WHAT YOU SHOULD DO — The listing below is to be copied exactly, with pictures excluded.

RECORDED DATA —
+-------+

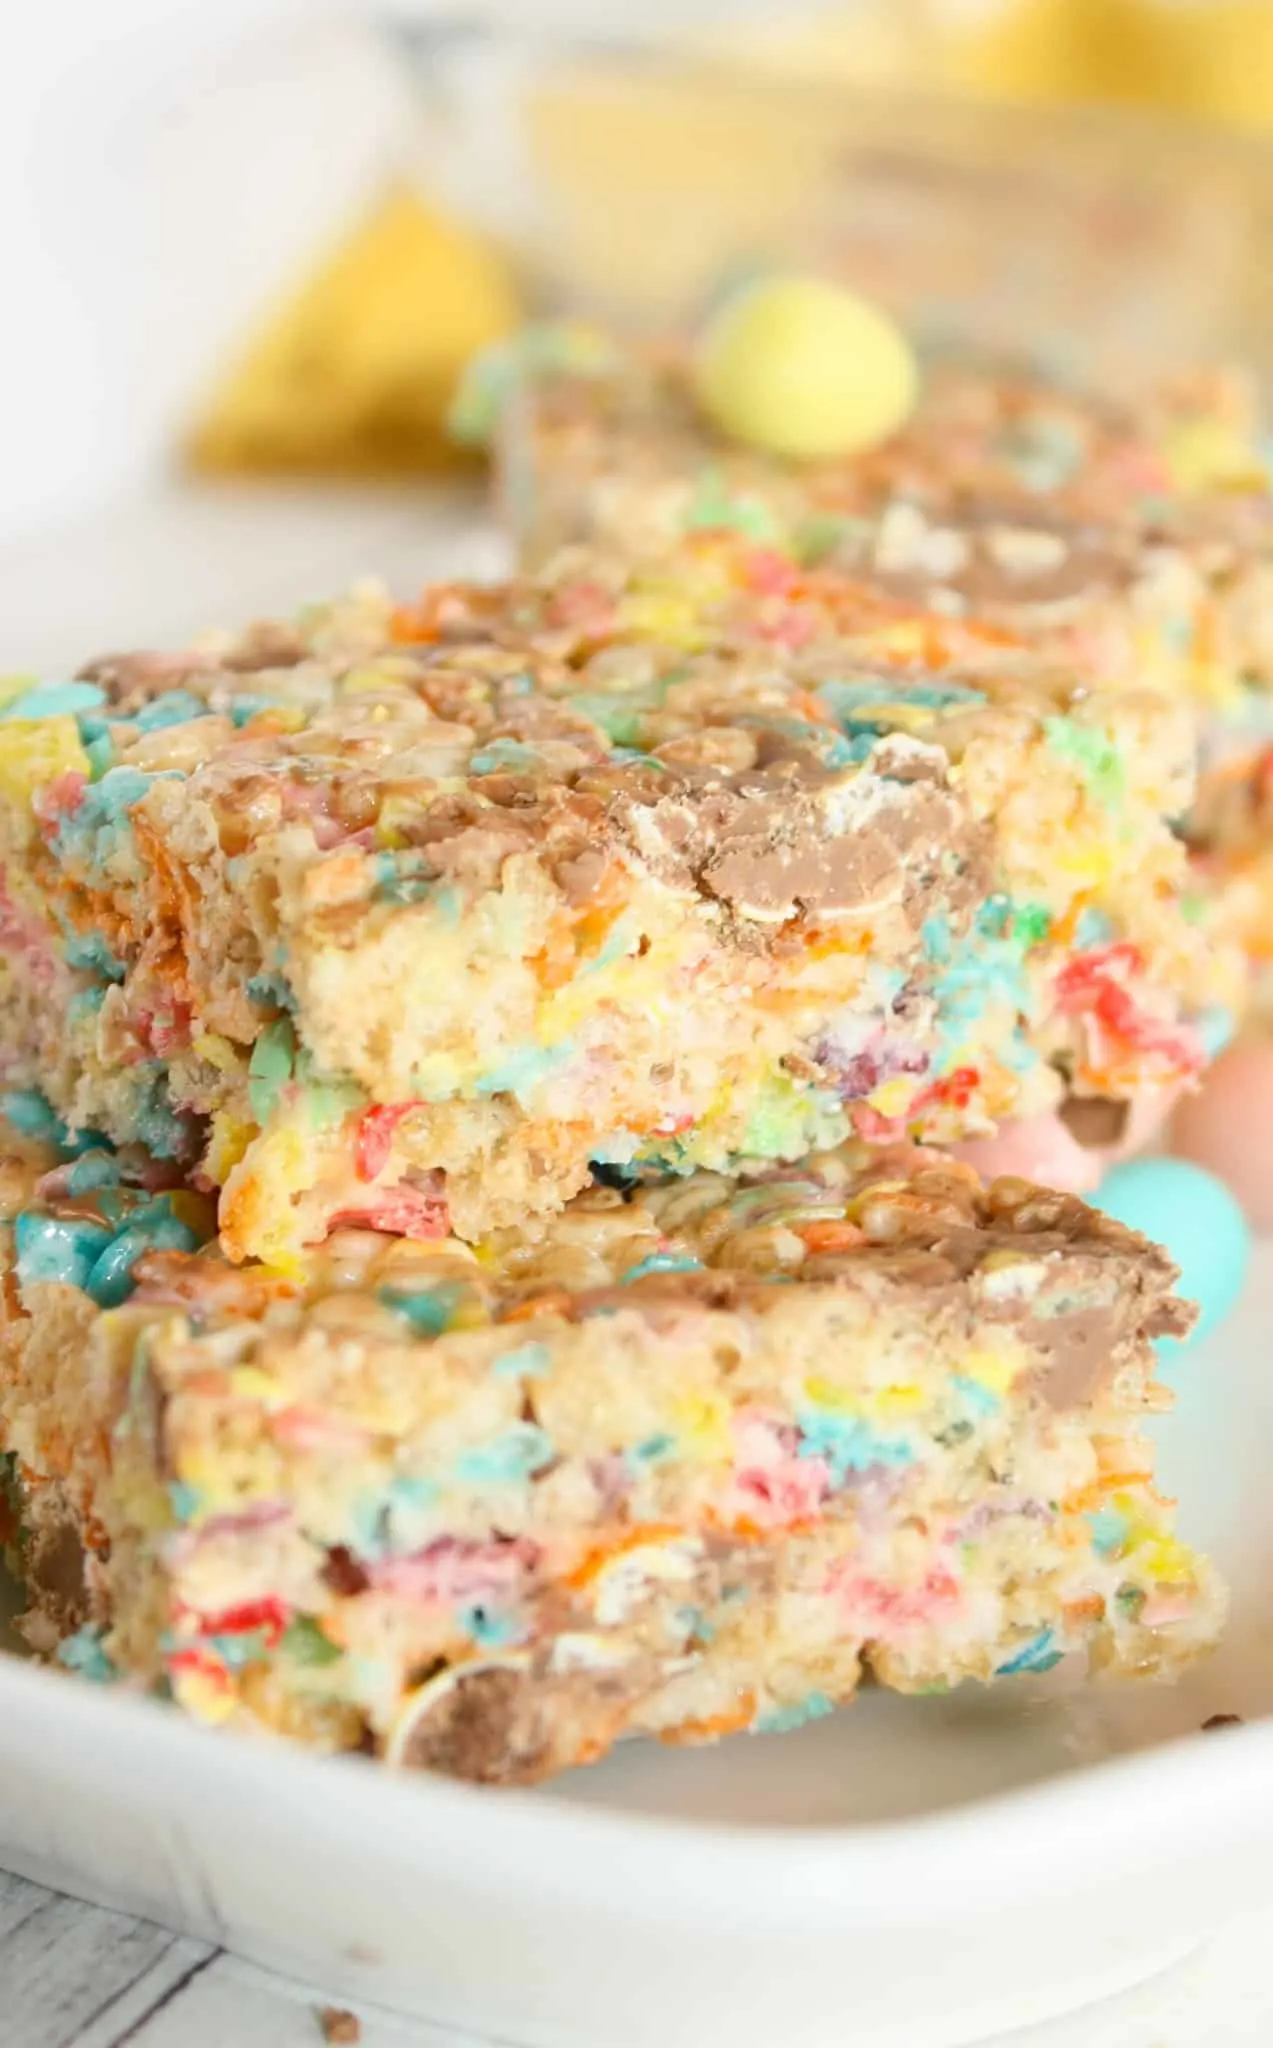 Fruity Pebbles Rice Crispy Treats are a delicious and colourful cereal square that can brighten up any dessert tray.
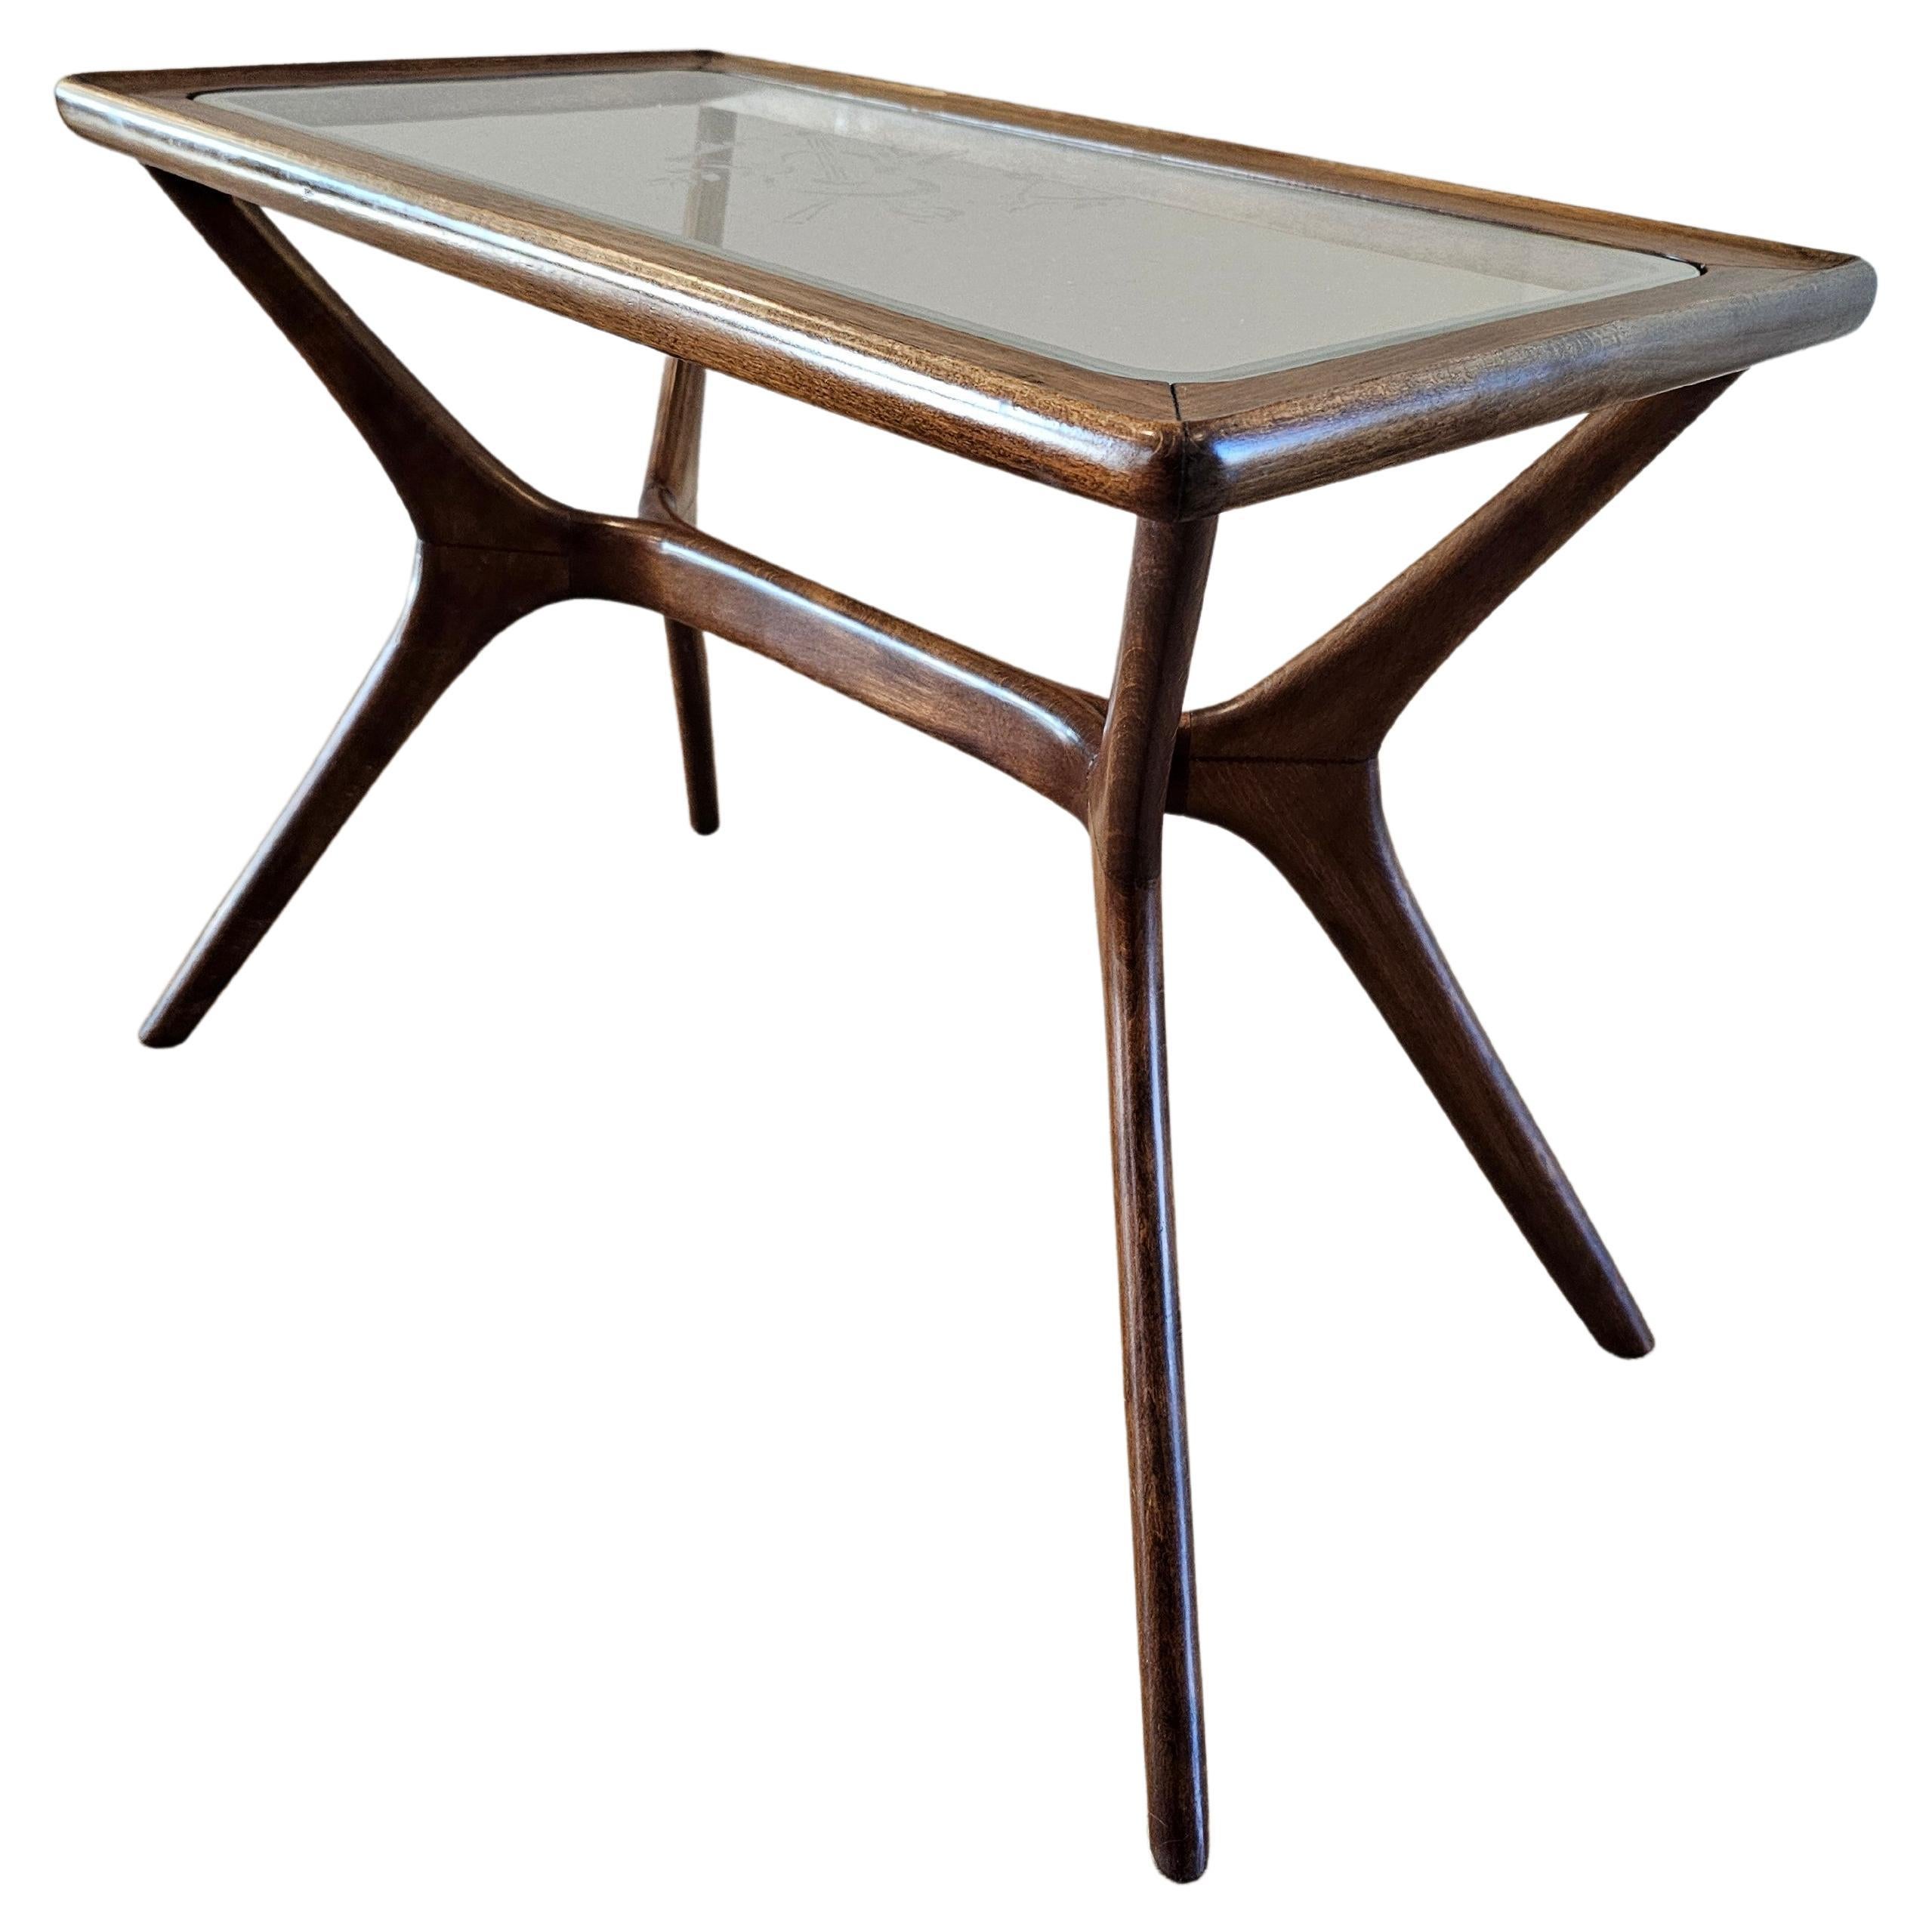 An original mid-century modern side table, in the manner of legendary Italian modernist architect and designer Ico Parisi (1916-1996)

Italy, circa 1950s, having a rectangular inset glass tabletop with sophisticated etched violin design, rising on a

+-------+

SOLUTION —
 Fruity Pebbles Rice Crispy Treats are a delicious and colourful cereal square that can brighten up any dessert tray.
 An original mid-century modern side table, in the manner of legendary Italian modernist architect and designer Ico Parisi (1916-1996)

Italy, circa 1950s, having a rectangular inset glass tabletop with sophisticated etched violin design, rising on a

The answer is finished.